Last night we went out to eat with the in-laws. The night started off bad. I forgot Skylee's cup at the house, so we came back to get it. I gave her some tea because we were out of juice. Nope she wasn't happy. She wanted coke or " co co" as she says. We started letting her get some of our coke when she was being good. It turned into every time we got in the car. We get in the car a lot. Now she thinks she suppose to get ti all the time when she asks.
She throw a fit about not getting any coke. I declared that she wouldn't get anymore until she learned that coke is a treat not a everyday thing. Even though that might take five years from now, oh well. I always said I would never let my child drink soda. It's bad for them I said. Now look at me. Handing her coke every time she cries. But that stops here.

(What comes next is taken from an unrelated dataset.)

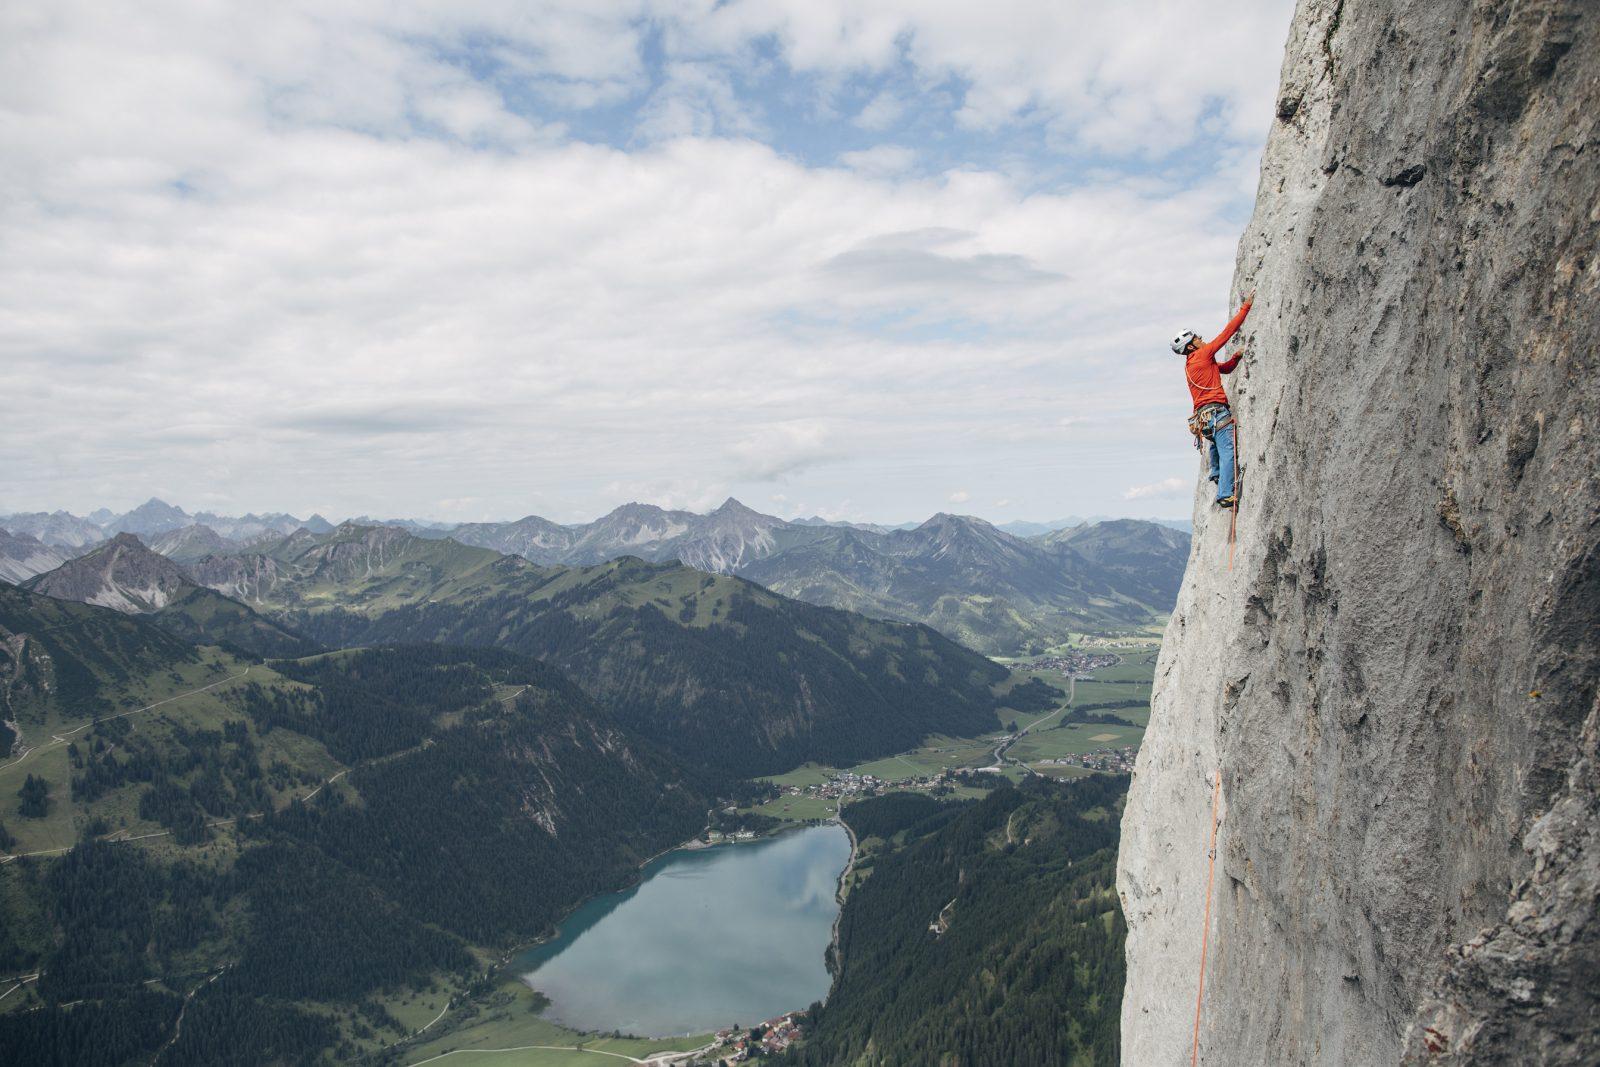 Klettern an der Roten Flüh im Tannheimer Tal, Foto: Elias Holzknecht | Climbers Paradise

So we got to the restaurant and got seated. She started crying again. She didn't want to set in the high chair. So I let her seat with me until the food came. After all this I had to order a drink. Yep that's right a nice strong, very large, drink. The food came and I put her back in the high chair. She was okay for a second. Then She wanted out again. She started standing up in her chair and crying very loudly. I also said I would never be the ones with the crying baby at the table getting on everyone's nervous. But look at me now. I have a toddler standing up in her highchair screaming at the top of her lungs.
The hubs says maybe she doesn't like the highchair, well no shit she doesn't. So I grab a normal chair the table near by and let her set in the big girl chair. That was cool for a minute. Then she saw that she could get out of it.
Half way through my drink I started not to care. Good thing we were in the corner of the restaurant, because she was up and walking around the whole time we ate. She didn't leave our little area, but the only way she was happy was up and walking.
It's getting to the point I don't wanna take my little monster out of the house. She acts up everywhere. Just typing this makes me feel bad. I love her to death and I just want her to act right.